Expressive Language Disorders

Expressive Language Disorders


A person with an expressive language disorder (as opposed to a mixed receptive/expressive language disorder) understands language better than he/she is able to communicate. In speech-language therapy terms, the person’s receptive language (understanding of language) is better than his/her expressive language (use of language). This type of language disorder is often a component in developmental language delay (see section on this disorder). Expressive language disorders can also be acquired (occurring as a result of brain damage/injury), as in aphasia (see section on aphasia). The developmental type is more common in children, whereas the acquired type is more common in the elderly. An expressive language disorder could occur in a child of normal intelligence, or it could be a component of a condition affecting mental functioning more broadly (i.e. mental retardation, autism).

Expressive Language Disorder is a learning disability affecting communication of thoughts using spoken and sometimes basic written language and expressive written language. This disorder involves difficulty with language processing centers of the brain. Expressive language disorders can result from inherited conditions or may be caused by brain injuries or stroke.

Characteristics :

Children with expressive language delays often do not talk much or often, although they generally understand language addressed to them. For example, a 2 year old may be able to follow 2-step commands, but he/she cannot name body parts. A 4 year old may understand stories read to him/her, but he/she may not be able to describe the story even in a simple narrative. Imaginative play and social uses of language (i.e. manners, conversation) may also be impaired by expressive language limitations, causing difficulty in playing with peers. These are children who may have a lot to say, but are unable to retrieve the words they need. Some children may have no problem in simple expression, but have difficulties retrieving and organizing words and sentences when expressing more complicated thoughts and ideas. This may occur when they are trying to describe, define, or explain information or retell an event or activity.

In school-aged children, expressive language difficulties may be evident in writing as well. These children may have difficulties with spelling, using words correctly, composing sentences, performing written composition, etc. They may express frustration because they recognize that they cannot express the idea they wish to communicate. These children may become withdrawn socially because they cannot use language to relate to peers.
People with expressive language disorders may understand what is said to them or written in passages, but they have substantial difficulty communicating. They have difficulty with language processing and the connection between words and ideas they represent. Some people may also have problems with pronunciation of words.
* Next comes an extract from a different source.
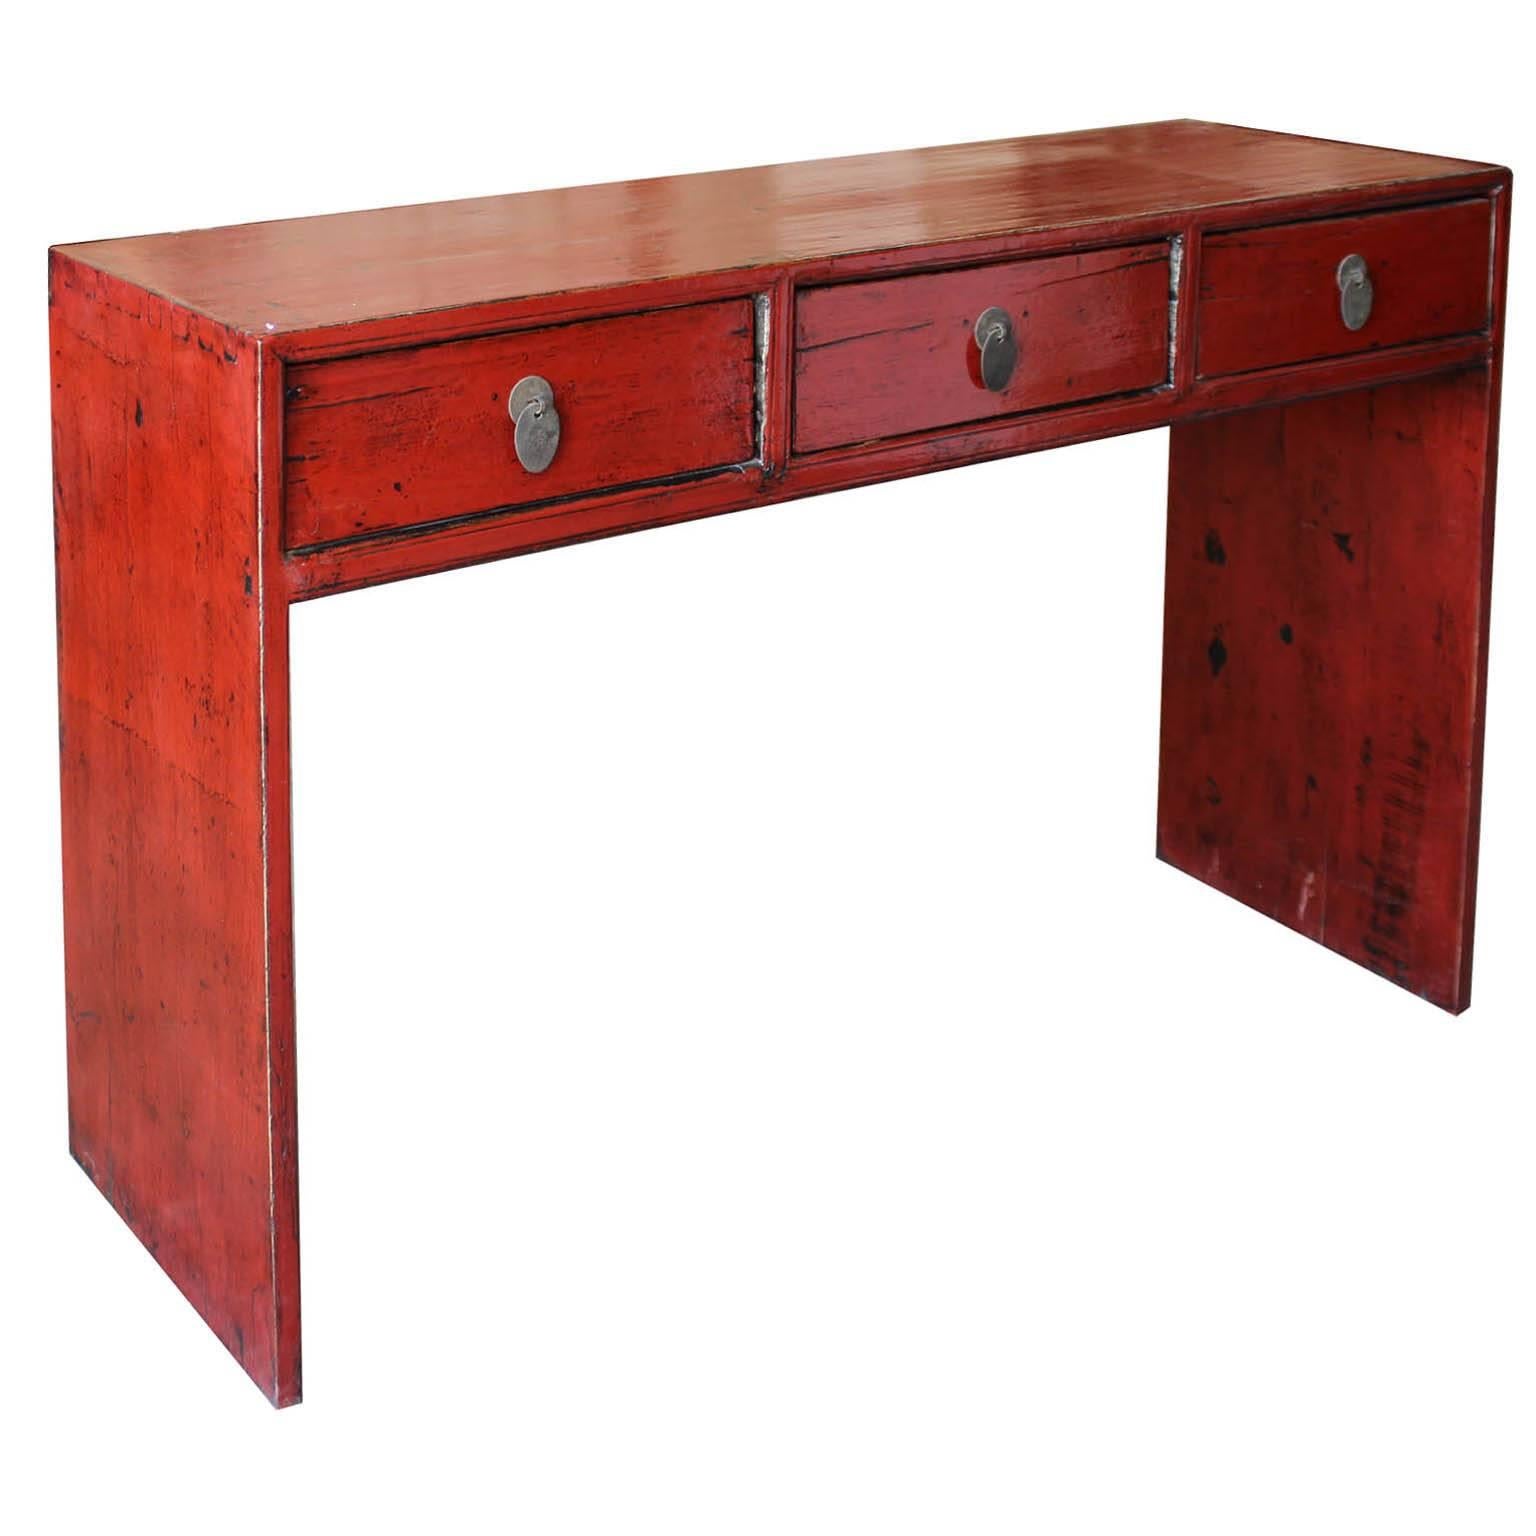 Three-drawer red console table can be used as a desk to bring a pop of color into the bedroom or study. Shanxi, Chine, circa 1920s. New hardware.

Some students with expressive language disorders may also have difficulty with receptive language.

In a more severely affected child, delays may be evident in early milestones. For example, in typically developing children, a vocabulary of first words is emerging between the ages of 10-18 months, two-word phrases are produced around the ages of 18-24 months, with 2-3 word phrases emerging in their second year of life, and around the age of 3 years, children speak in 3-4 word sentences, engage in simple conversation, and begin asking questions in more adult-like ways (i.e. “Can we go?” instead of “Me go?”).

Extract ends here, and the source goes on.